这是经过测试的C程序,它具有一个名为“ameba”的功能。
#include <stdio.h>
#include <strings.h>
#include <stdlib.h>
#include <time.h>
#include <unistd.h>
char * ameba(char * s1, char * s2);
int main(void) {
time_t rawtime;
struct tm * timeinfo;
time(&rawtime);
timeinfo = localtime(&rawtime);
printf("enter: %s", asctime (timeinfo));
printf("%s\n", ameba("lessqqmorepewpew", "good luck, have fun"));
time(&rawtime);
timeinfo = localtime(&rawtime);
printf("return: %s", asctime(timeinfo));
}
char * ameba(char * s1, char * s2) {
char *s;
s = (char *) malloc(128);
sleep(1);
snprintf(s, 128, "phrase1: %s, phrase2: %s", s1, s2);
return s;
}
去代码
package main
import (
"bytes"
"encoding/binary"
"fmt"
"os"
"os/signal"
"time"
bpf "github.com/iovisor/gobpf/bcc"
)
const source string = `
#include <uapi/linux/ptrace.h>
#include <linux/sched.h>
struct val_t {
u32 pid;
char comm[TASK_COMM_LEN];
u64 ts;
};
struct data_t {
u32 pid;
char comm[TASK_COMM_LEN];
u64 delta;
};
BPF_HASH(start, u32, struct val_t);
BPF_PERF_OUTPUT(ameba_events);
int do_entry(struct pt_regs *ctx) {
if (!PT_REGS_PARM1(ctx))
return 0;
struct val_t val = {};
u32 pid = bpf_get_current_pid_tgid();
if (bpf_get_current_comm(&val.comm, sizeof(val.comm)) == 0) {
val.pid = bpf_get_current_pid_tgid();
val.ts = bpf_ktime_get_ns();
start.update(&pid, &val);
}
return 0;
}
int do_return(struct pt_regs *ctx) {
struct val_t *valp;
struct data_t data = {};
u64 delta;
u32 pid = bpf_get_current_pid_tgid();
u64 tsp = bpf_ktime_get_ns();
valp = start.lookup(&pid);
if (valp == 0)
return 0; // missed start
bpf_probe_read(&data.comm, sizeof(data.comm), valp->comm);
data.pid = valp->pid;
data.delta = tsp - valp->ts;
ameba_events.perf_submit(ctx, &data, sizeof(data));
start.delete(&pid);
return 0;
}
`
type amebaEvent struct {
Pid uint32
Comm [16]byte
Delta uint64
}
func main() {
m := bpf.NewModule(source, []string{})
defer m.Close()
amebaUprobe, err := m.LoadUprobe("do_entry")
if err != nil {
fmt.Fprintf(os.Stderr, "Failed to load do_entry: %s\n", err)
os.Exit(1)
}
amebaUretprobe, err := m.LoadUprobe("do_return")
if err != nil {
fmt.Fprintf(os.Stderr, "Failed to load do_return: %s\n", err)
os.Exit(1)
}
err = m.AttachUprobe("/tmp/sandbox/ameba", "ameba", amebaUprobe, -1)
if err != nil {
fmt.Fprintf(os.Stderr, "Failed to attach do_entry uprobe: %s\n", err)
os.Exit(1)
}
err = m.AttachUretprobe("/tmp/sandbox/ameba", "ameba", amebaUretprobe, -1)
if err != nil {
fmt.Fprintf(os.Stderr, "Failed to attach do_return uretprobe: %s\n", err)
os.Exit(1)
}
table := bpf.NewTable(m.TableId("ameba_events"), m)

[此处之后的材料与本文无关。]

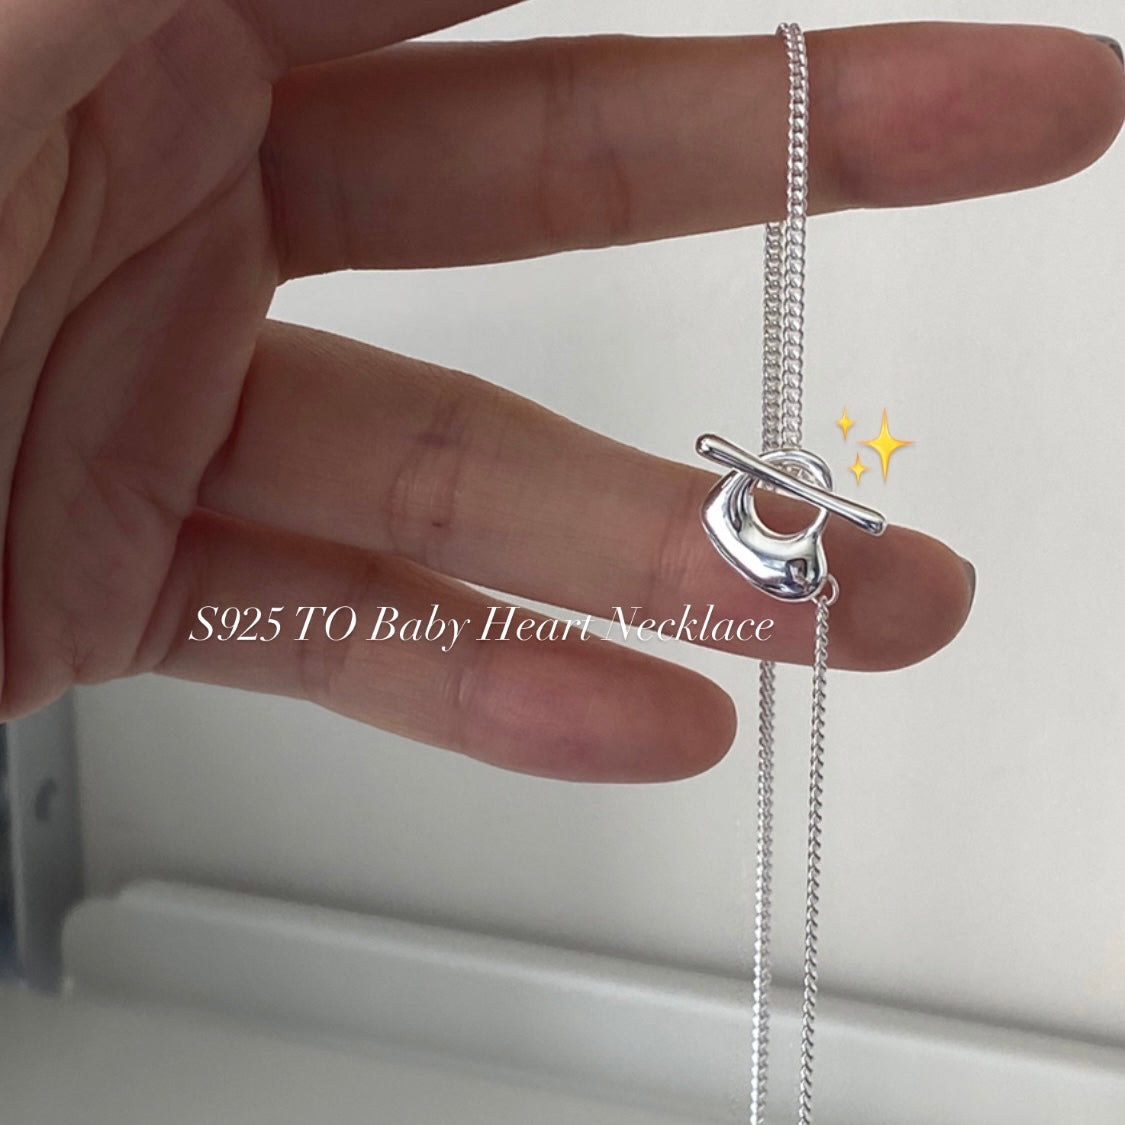 推薦款📣[925silver] TO Baby Heart Necklace

channel := make(chan []byte)
perfMap, err := bpf.InitPerfMap(table, channel)
if err != nil {
fmt.Fprintf(os.Stderr, "Failed to init perf map: %s\n", err)
os.Exit(1)
}
sig := make(chan os.Signal, 1)
signal.Notify(sig, os.Interrupt, os.Kill)
fmt.Printf("%10s\t%s\t%s\t%s\n", "PID", "COMMAND", "DURATION", "RAW")
go func() {
var event amebaEvent
for {
data := <-channel
err := binary.Read(bytes.NewBuffer(data), binary.LittleEndian, &event)
if err != nil {
fmt.Printf("failed to decode received data: %s\n", err)
continue
}
// Convert C string (null-terminated) to Go string
comm := string(event.Comm[:bytes.IndexByte(event.Comm[:], 0)])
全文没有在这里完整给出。